There is an argument to be made for larger teams working with Vanila JS who will always end up creating internal abstractions, rules and constraints.
Using a lightweight framework (like Solid for instance) ensures some of those internal abstractions and decisions are following the standards most of the community agreed are good enough.
Angular's opinionated nature = fewer arguments, faster decision-making, and a more cohesive dev experience. For enterprise projects, this isn’t just good-it’s a game changer.
Comparing Angular's size to React or Svelte? Total apples-to-oranges. Angular comes with everything (routing, pipes, DI, forms, etc.), while React/Svelte are minimal by design and rely on third-party libraries. By the time you bolt on React Router, state management (Redux/Zustand), etc., the sizes are comparable-if not larger.
The 'heavier size' is simply the cost of Angular being an all-in-one solution. It saves devs from wasting time picking random libraries.
As for older projects stuck on legacy versions? That’s less about Angular and more about a skill issue. Many of these projects are already scaled down with no capacity for updates. 🤷
Angular is opinionated - but its also meaning that finding angular devs is harder
Angular size - For quick testing even just angular/core is larger then svelte, solid or vue with routing and forms.
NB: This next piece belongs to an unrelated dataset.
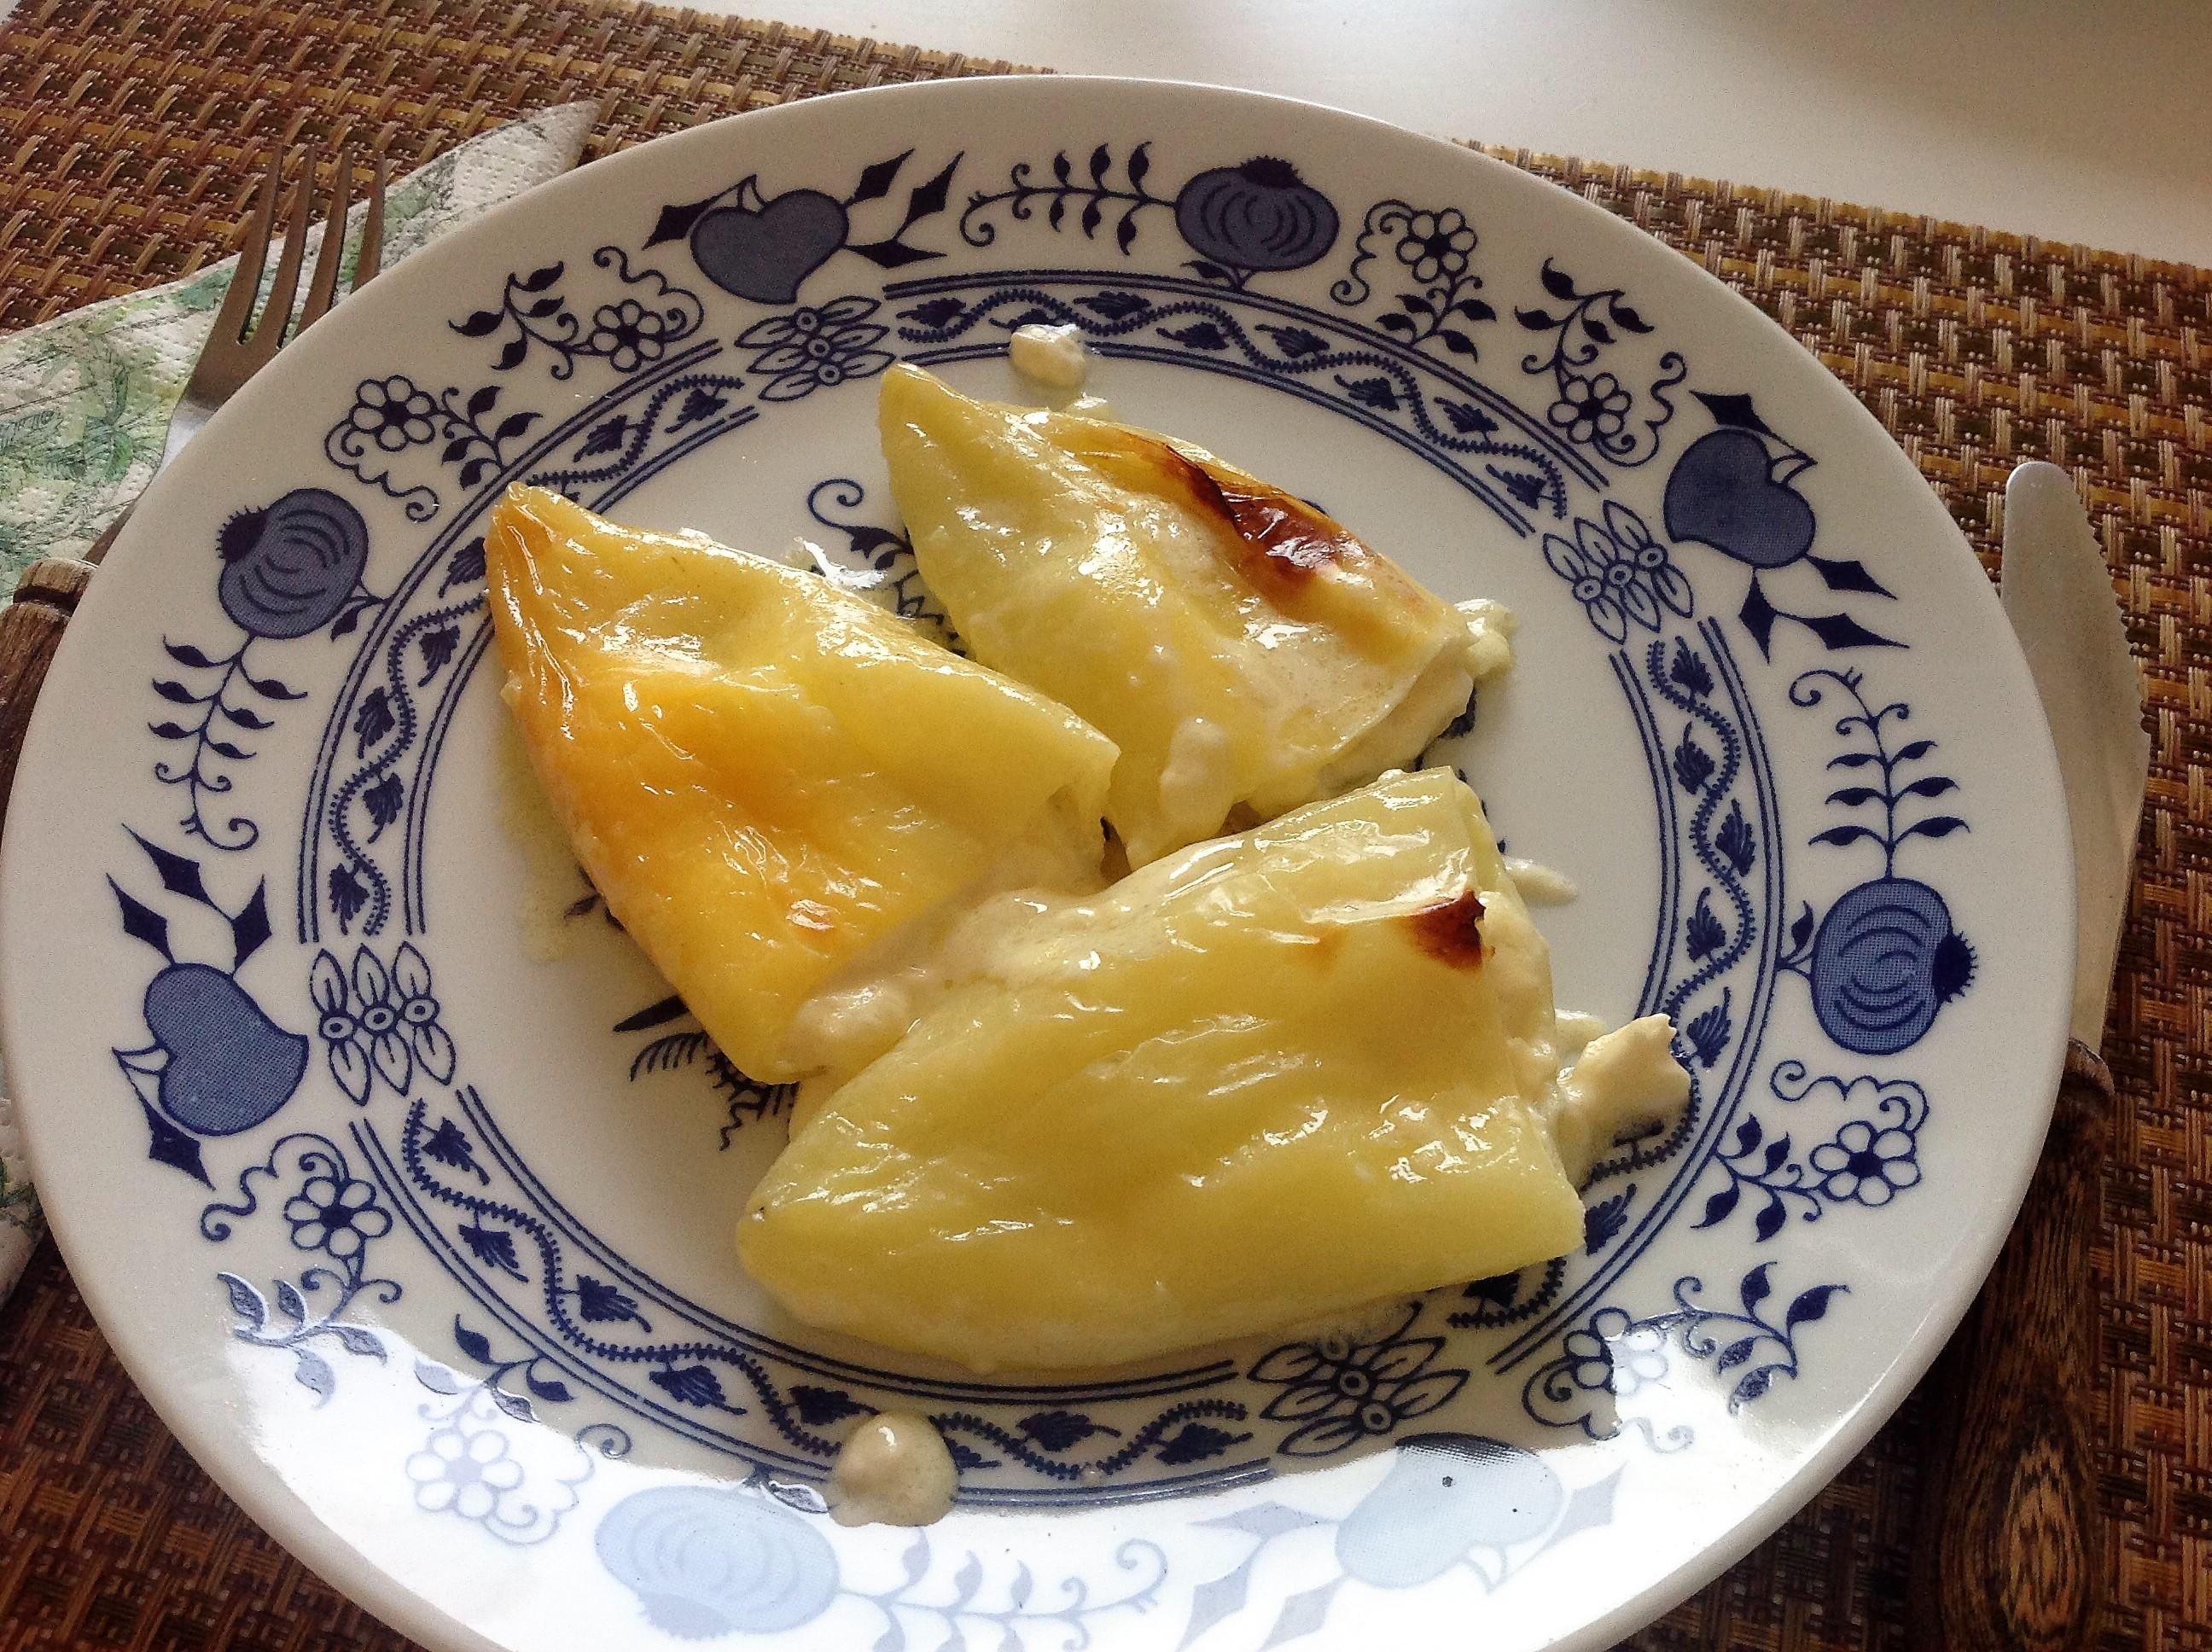 čo dnes variť, zapekaná paprika so syrom

React is huge on its own
All-in-one solution - but is also mean that you need to learn angular-only solution. Many libraries are now framework agnostic and angular opinions make it harder to use them
older projects stuck on legacy versions - its more just conservatism in code. Why use signals when decorators do they job
I write this not as a person who dislikes Angular, but quite the opposite. As a person who likes Angular and cannot use it at work precisely because of what culture Angular comes from
Fortunately, Vue “originate” from Angular so it finds a substitute in it
Svelte is easier to work with & its performance is better than Angular
You are talking like VueJS doesn't exist, or that all companies need all these "features" out of the box!
Additionally, more opinionated = less opportunity for you to grow as a developer, you are only learning how to use the tool, not learning actual development, because you don't really need to think about all the details of achieving a task! Instead, you just need to remember how company [x] told you to do it.
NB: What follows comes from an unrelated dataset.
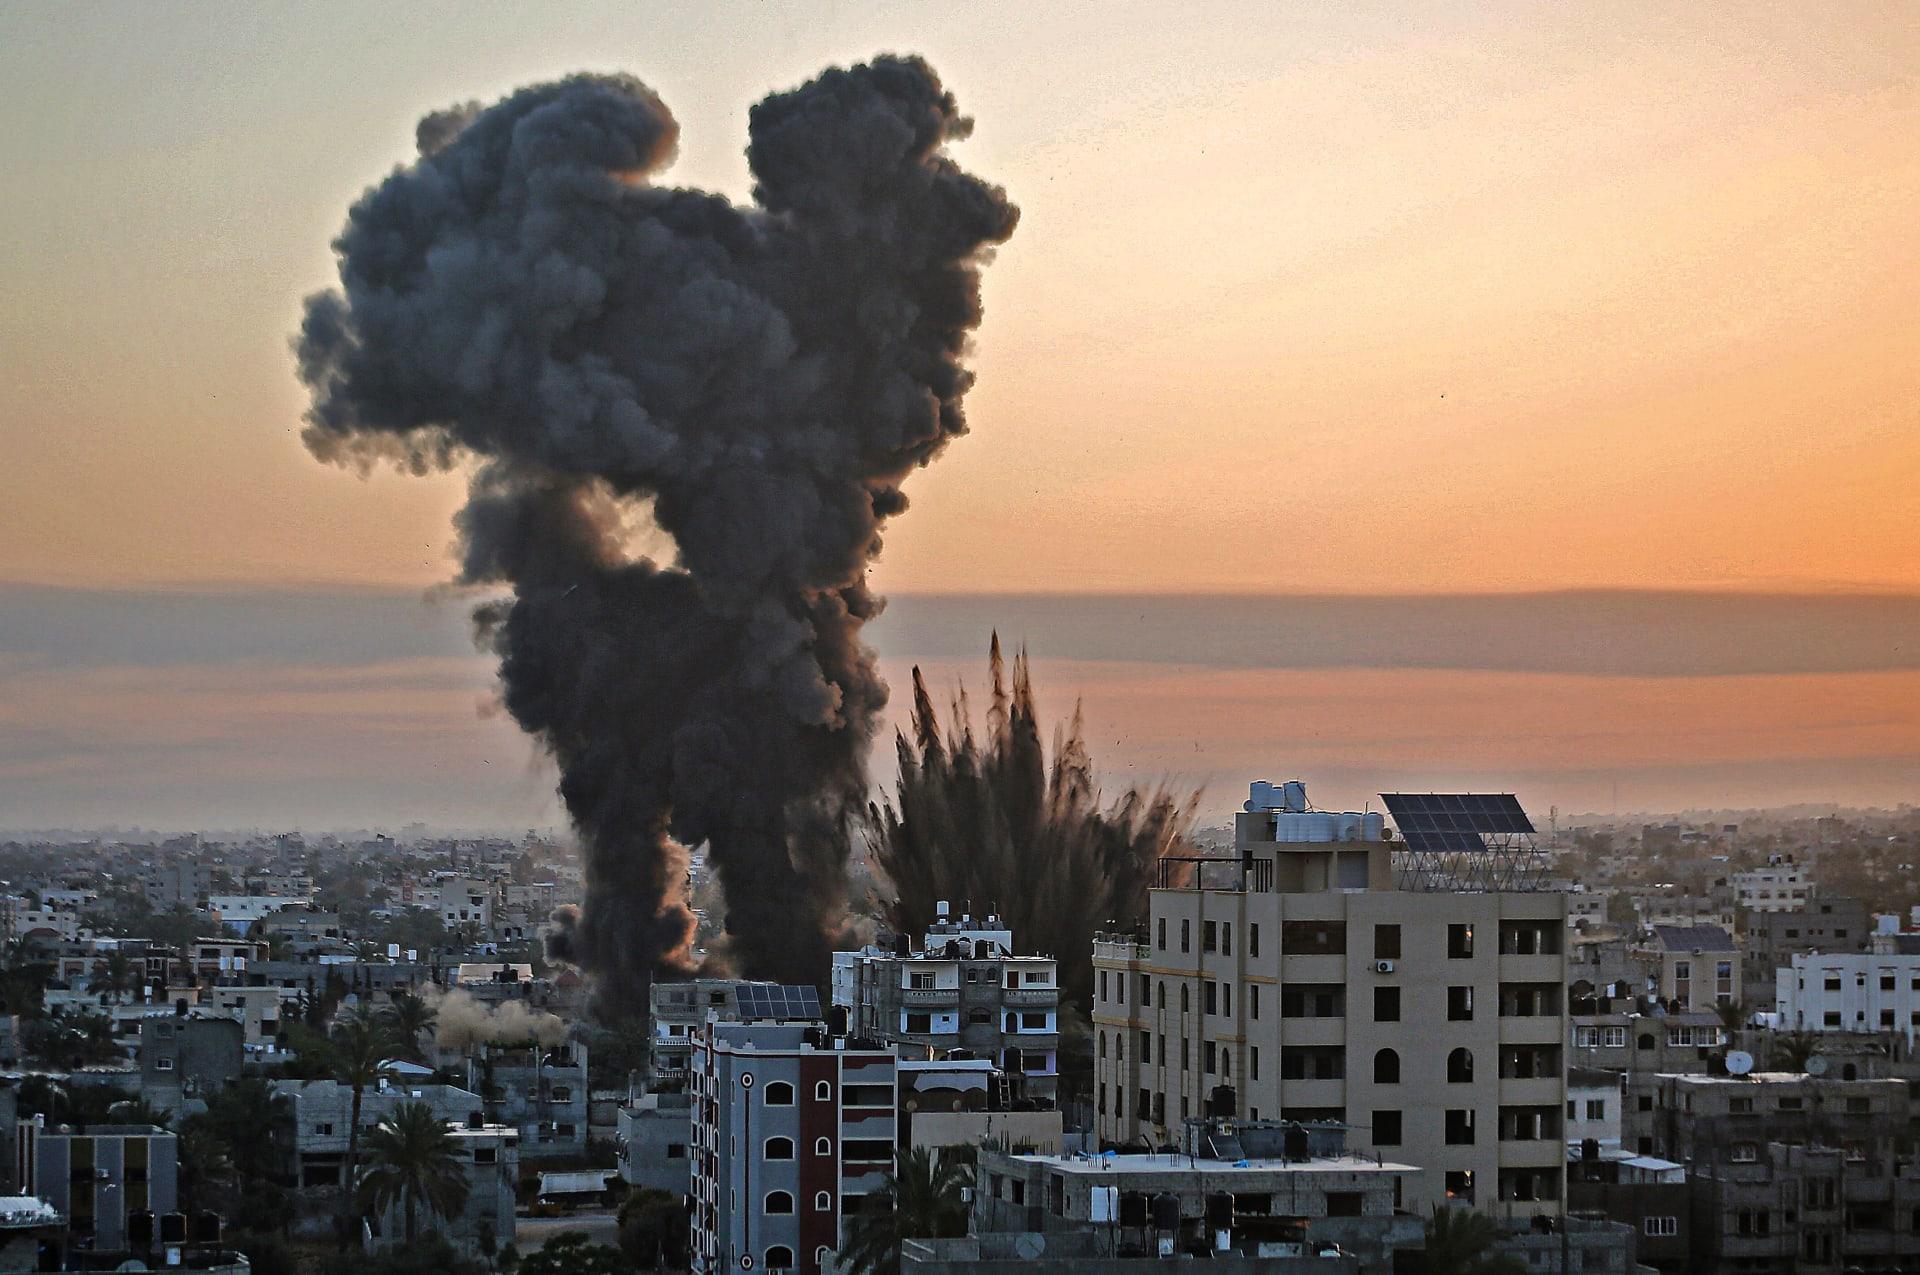 مقتل 56 فلسطينياً و6 إسرائيليين.. القسام تطلق صواريخ نحو ديمونا.. ونتنياهو: سنوجه ضربات لم يتخيلوها

@@mohamadybr Good points, but let’s unpack them. First, Vue does exist, and I respect its flexibility-great framework. But it also falls into the 'minimal by design' category, requiring plugins or additional tools (e.g., Vue Router, Pinia) to achieve parity with Angular's feature set. Not every company needs all-in-one solutions, but for enterprise teams, where scalability, onboarding, and predictability matter, having a cohesive ecosystem is a massive win.
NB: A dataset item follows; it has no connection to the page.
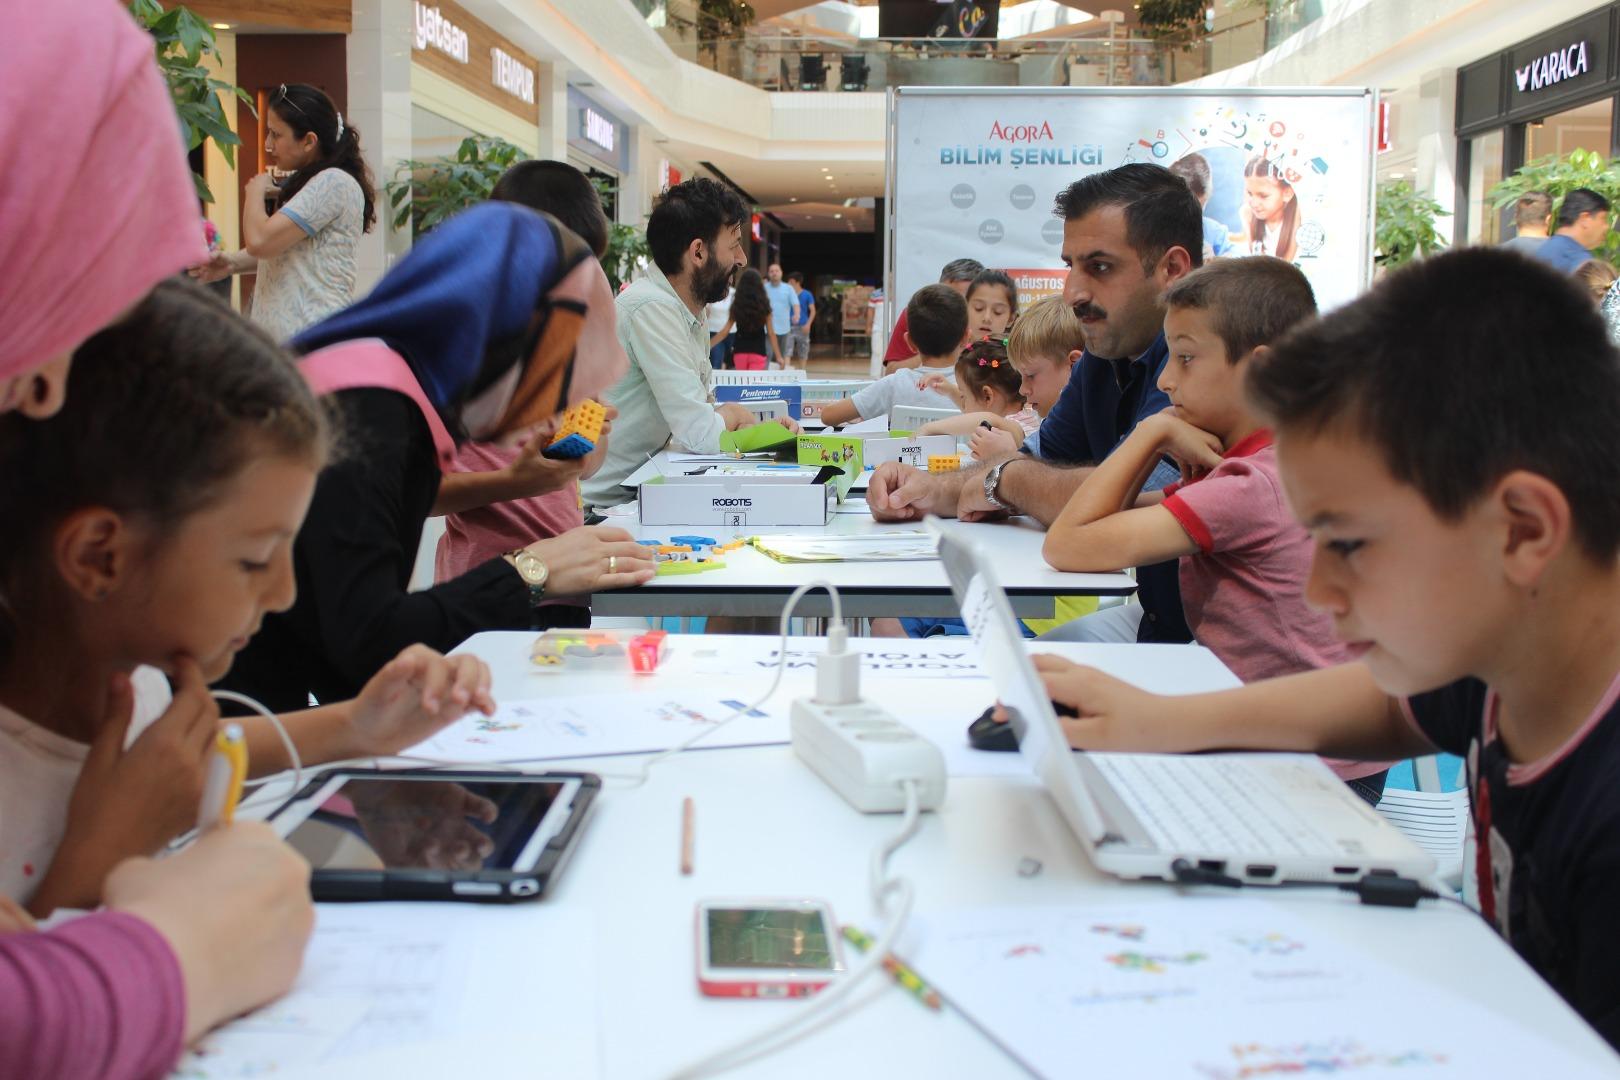 Minikler Agora Bilim Şenliği'yle eğlendi

As for opinionated frameworks limiting growth? I disagree. Opinionated frameworks teach design patterns and best practices (e.g., DI, reactive programming with RxJS in Angular). They force you to adopt a structured approach, which helps immensely when you’re part of larger teams or scaling a project.
If you really want to grow as a developer, understanding why these patterns exist and how they’re applied is the real challenge-not just reinventing the wheel on every project because a framework gives you too much freedom. Learning ‘how to think’ isn’t exclusive to unopinionated tools; it’s about how much you dig into the why of the framework you're using. 😉
@@untlsn I get why Vue could feel like a natural middle ground-it's less opinionated but still structured enough to avoid total chaos. But to me, Angular’s 'culture' is its strength in enterprise settings: predictable, scalable, and enforceable. Sounds like your work environment might favor flexibility over that structure, though!
I agree about the hiring difficulties, but while it narrows the pool, it also ensures a higher baseline of expertise. The devs you hire are less likely to reinvent the wheel. (Still happening though)
Honestly kinda burnt out from web dev time to try something new.
Try game dev. Oh wait...
I recently posted a video exactly on this topic: ua-cam.com/video/GSYVgYbXwrE/v-deo.html
as a java developer front end framework make me think frontenders lost a few screws from the amount of subframework one needs to build a single hello world.
@@emaayan yeah, in Java you only need a LocalizedHelloWorldStringFactoryInstanceProviderServiceLoader to do that.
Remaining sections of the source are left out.